Bullshit bingo in the boardroom

July 03, 2020

Organizations need to change. But not at all costs.

"We have to shape digital transformation!" "Being disruptive is the name of the game!" "Our organization should become more agile!" Across the country, statements like these can be heard during panel discussions and meetings. We need to deal with change. But we prefer to play bullshit bingo instead - the one who says "agility", "disruption" or "new work" more often than anybody else wins. This, it seems, is the prevailing attitude among top executives and heads of HR. At present, digitalization, entrepreneurship mentality and digital transformation are being mentioned in the same breath as innovation and change. All of these are buzzwords. But what is frequently lacking is a debate about how "change" and "digital transformation" are supposed to happen.

The discussions are superficial. But appeals telling people what has to be done and recipes for action are coming thick and fast. Everything that is not up a tree by the count of three gets mentally digitalized. And as far as the offline world is concerned, task forces are being set up for starters.

Or: Fear is managing change. We are hastily booking design-thinking seminars, are devouring books on lean management and are introducing Scrum and Kanban. The powers that be are ordering that things be changed - or innovated, for that matter. External advisers are being brought in. In-house innovation officers are being appointed. And the fear of imminent - but unavoidable - change is leaving employees paralyzed.

We have to innovate. But what does this mean? Innovation at all costs can be as hard on organizations as the creative producer's new chocolate pizza can be on our taste buds. Just because something is new does not mean it makes sense.

The first step would be simple enough: Focus on what really matters.

When I talk to organizations about executive-education programs, I frequently encounter the following situation: They do not really know what their employees need, nor are they fully aware of what their customers want. Because they do not talk to them.
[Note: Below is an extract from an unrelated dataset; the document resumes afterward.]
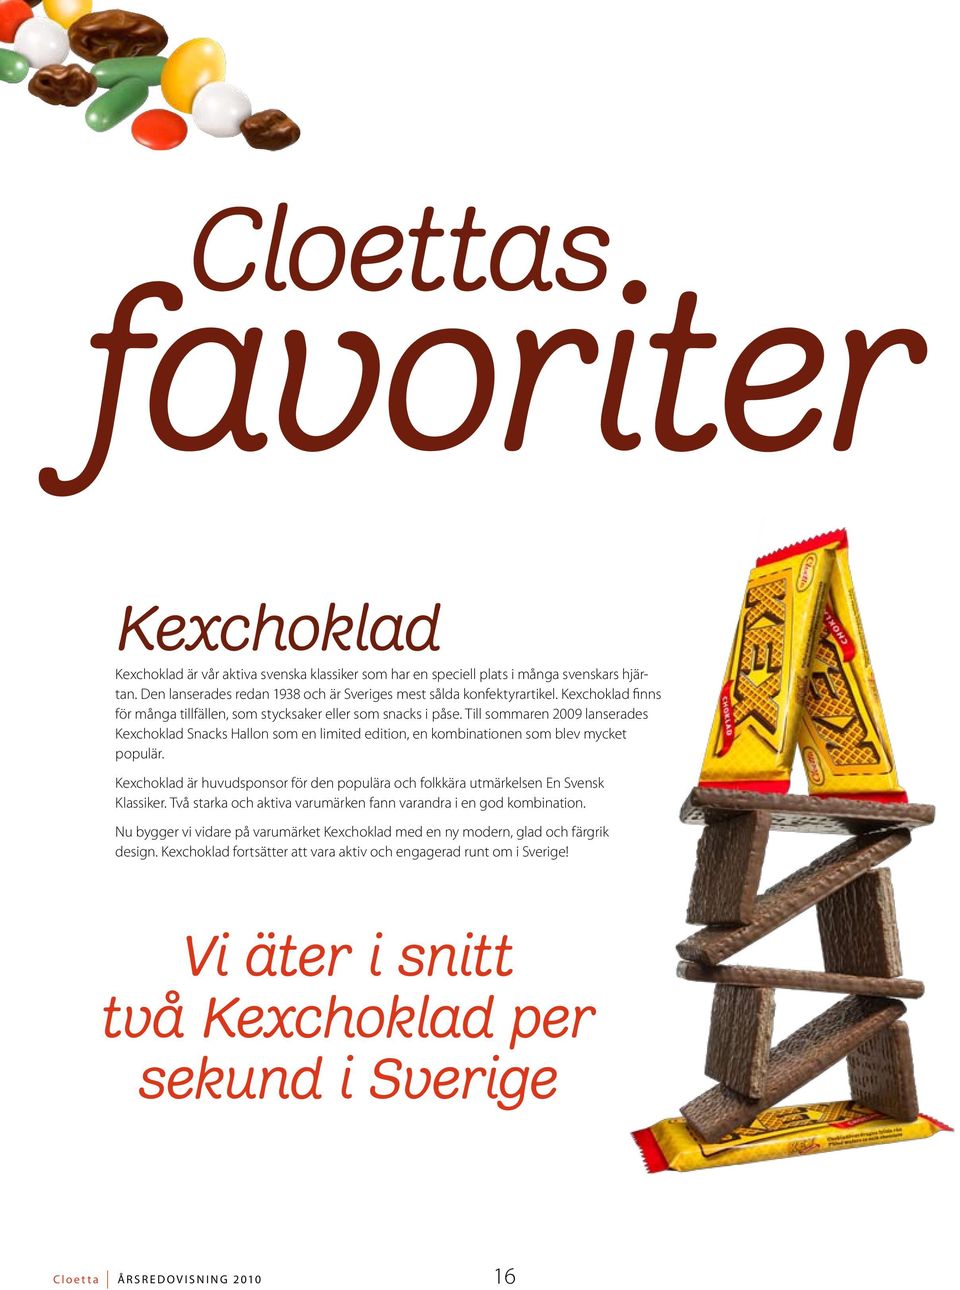 Till sommaren 2009 lanserades Kexchoklad Snacks Hallon som en limited edition, en kombinationen som blev mycket populär.

They want to be innovative, but they fail to ask the questions that really matter in this context: What do you want? What do you need in order to get it? And what is it that we want to achieve together?

So I raise my voice and shout amid all the buzzwords: Stop the bullshit bingo! Suppress your reflexive urge to demand that anything and anybody be innovative. Talk to your employees and your customers. Think about where digitalization is truly meaningful. Talk about what digital transformation really means for you and your organizations. Talk about the things that exist already, appreciate the strengths of your employees, and listen to what your customers have to say. Take their ideas seriously. Take the stage and say that it is possible to be innovative without relying on design thinking (just for the record: I am a fan of design thinking; it is a wonderful tool, provided you use it in the right situations). Each and every organization is inherently capable of truly meaningful innovation because it has employees who bring creative and new ideas to the table, and customers who are happy to talk about their needs.

Scrum, Kanban, design thinking, agile management: While all of these tools and approaches are useful, they are just a means to an end, and certainly no silver bullet that will allow organizations to take the uncertainty out of the future. Hence, the important question is not: What approaches and tools are we going to use? But: Who are we as an organization, and who do we want to be in the future? Not to forget, of course: Who are our customers, and what do we know about them that has to be taken into account? What is important as far as innovation and change are concerned is that executives set an example for others to follow, and that they focus, first and foremost, on what exists already. Also, it is vital for organizations to actively involve their employees and customers in the process of change because you cannot make innovation and change happen from on high. They are the result of what will happen when you allow people to do things on their own initiative. They are the result of what will happen when you encourage your employees to accept responsibility, and appreciate and value them for what they do. They are the result of what will happen when you outline your goals and communicate your strategies clearly.

“And now?” you ask. While there is no magic formula for achieving success when it comes to innovation and change, there are some things you can do to make success more likely:

  • Lower your ego: Executives need to begin with themselves. That is the first step toward meaningful change. Give the opinions of others serious consideration and ask for feedback. I often encounter executives who are overly cautious about pushing change too far because they fear that the organizational culture might be negatively affected.
  • Communicate clearly and transparently: Innovation projects fail because there is no strategy, communication is unclear and employee acceptance is missing. Ensuring clear and open communication from the word go helps avoid these problems.
  • Look at the big picture and create spaces for learning and development: What do tomorrow's customers want? Where can we be successful? As Clayton Christensen put it: “Big companies fail because they do everything right”—and in doing everything right, they fail to pay enough attention to consequential changes in the world around them.
  • Ease the pressure: Do we have to be innovative at all costs? You cannot reinvent your organization overnight. Build on the things that work. In what areas is your organization agile already? Where do good ideas exist? What really matters in this context is to ask questions and listen to what people have to say.
  • Revolutionize intelligently: The customer, not the bullshit bingo, determines what is interesting. What lies behind buzzwords is not an end in itself but serves the purpose of improving the situation for customers, organizations and employees.

Bullshit bingo, or no bullshit bingo—that is the question you need to address.